The Dreadful Silence
**_The dreadful silence ,_**
it lingers on ,long after
you’ve been gone. I
couldn’t tell what was worse ,
the **_silence or the violence._**
Pretending I was **_dead_**,
**_Ignoring me to the sickest
depths of time._**
Or beating me down emotionally,
Physically, and psychologically.
**_The dreadful silence._**
I thought I was going **_insane,
_****_From all the brainwashing
gaslighting, and torture._**
But now I’m here all alone,
in this black ,hollow hole.
There’s nothing, just invisible me.
In this void of emptiness.
I turn on my tv, constantly for company.
**_The dreadful silence _**
Things are looking bleak.
Time just bleeds together _
into a river of tears, from years
Of suffering and misery.
**_Hopelessly Hopeless_** and overthinking
everything.
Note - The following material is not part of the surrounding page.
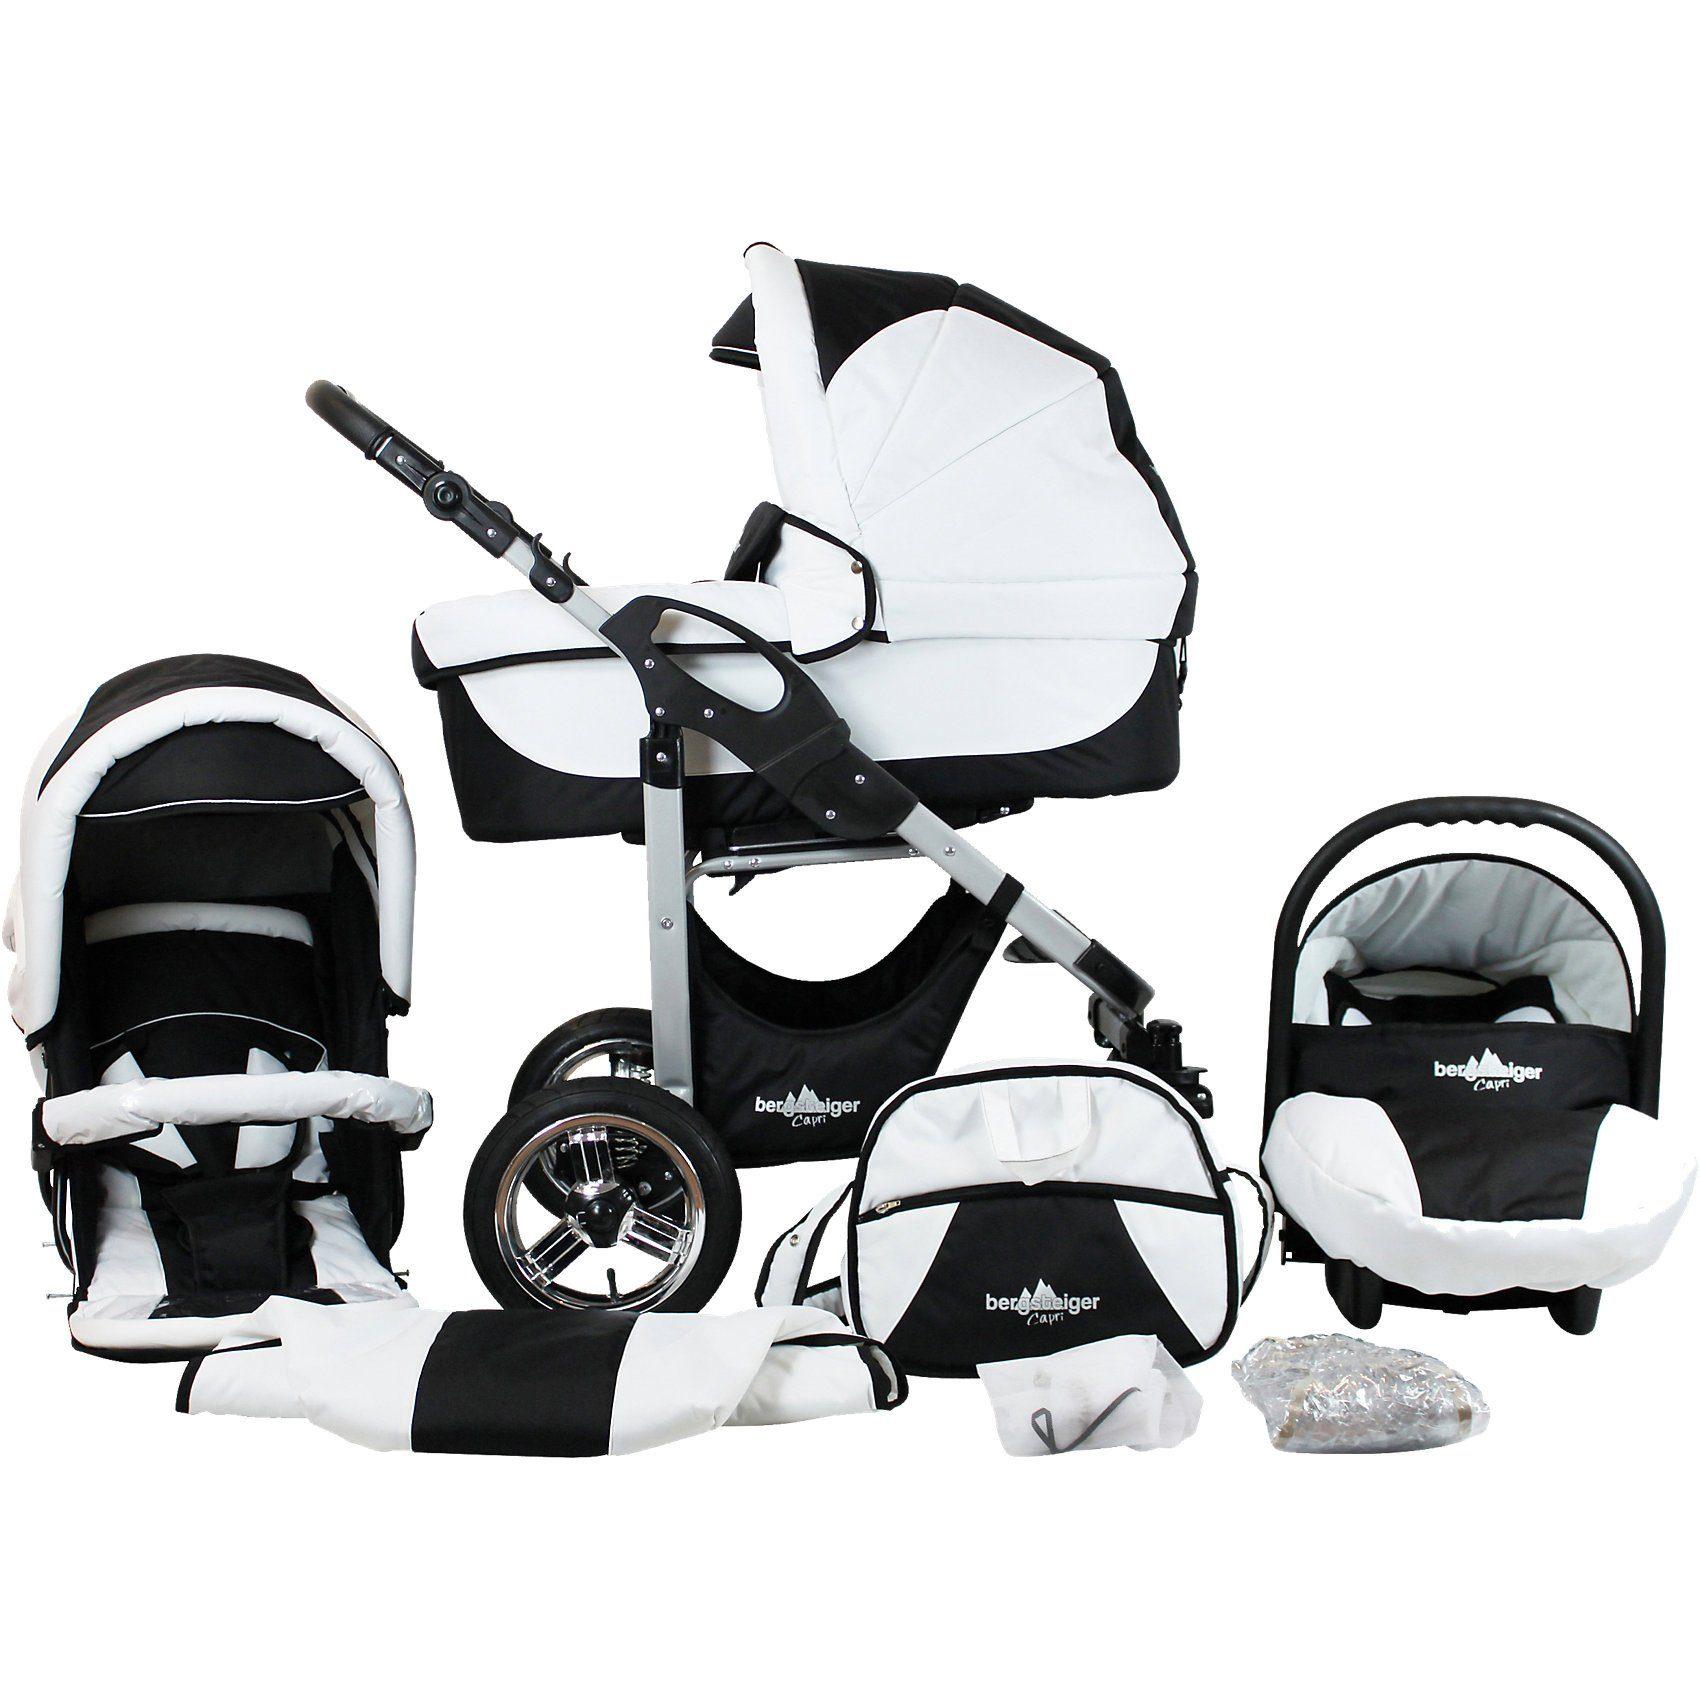 Bergsteiger Kombi Kinderwagen Capri, 10 tlg., black & white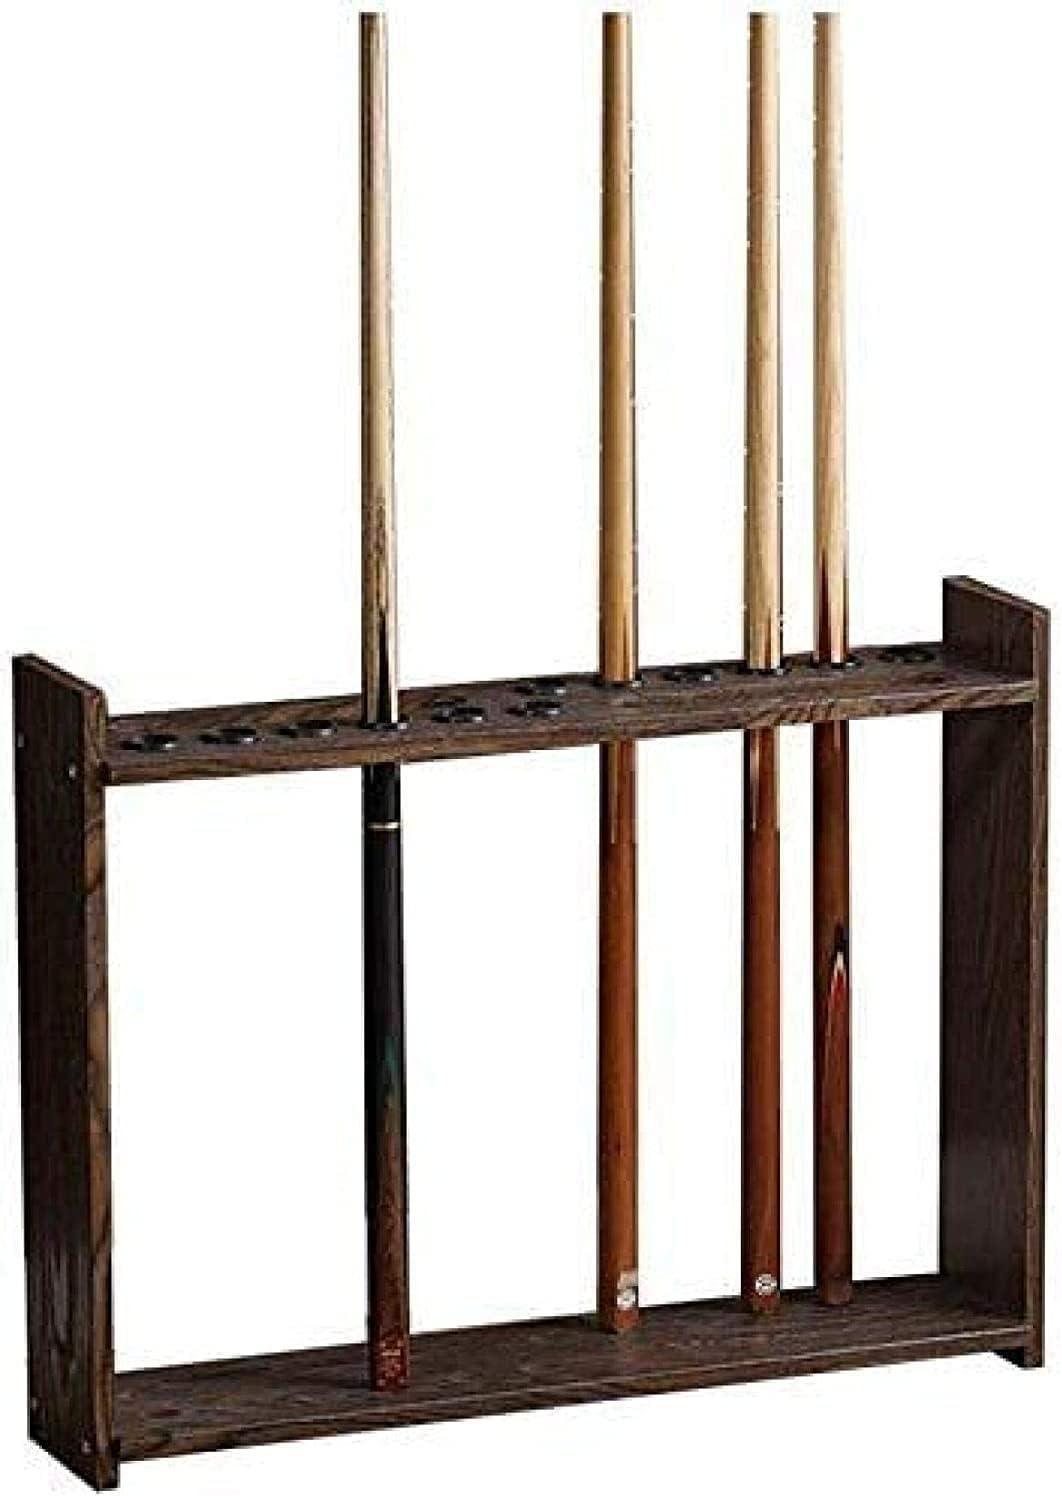 LCBOOST0916 Billiard free Cue Storage Rack Vertical Holder Stick Pool Daily bargain sale

Even the smallest of
Things seem like major decisions for me.
**_The dreadful silence _**
So I’m **_stuck_** on this hamster wheel
And I can’t get off ,even when I’m
In **_excruciating_** **_pain. I’m _**so tired I’m
**_Passing out , _**but I keep fighting it.
As this **_dreadful silence _**
has become a part of me,
**_but,_** its becoming smaller and smaller
every day .I focus on the good,
and helping others.
I’m grateful and blessed for everything.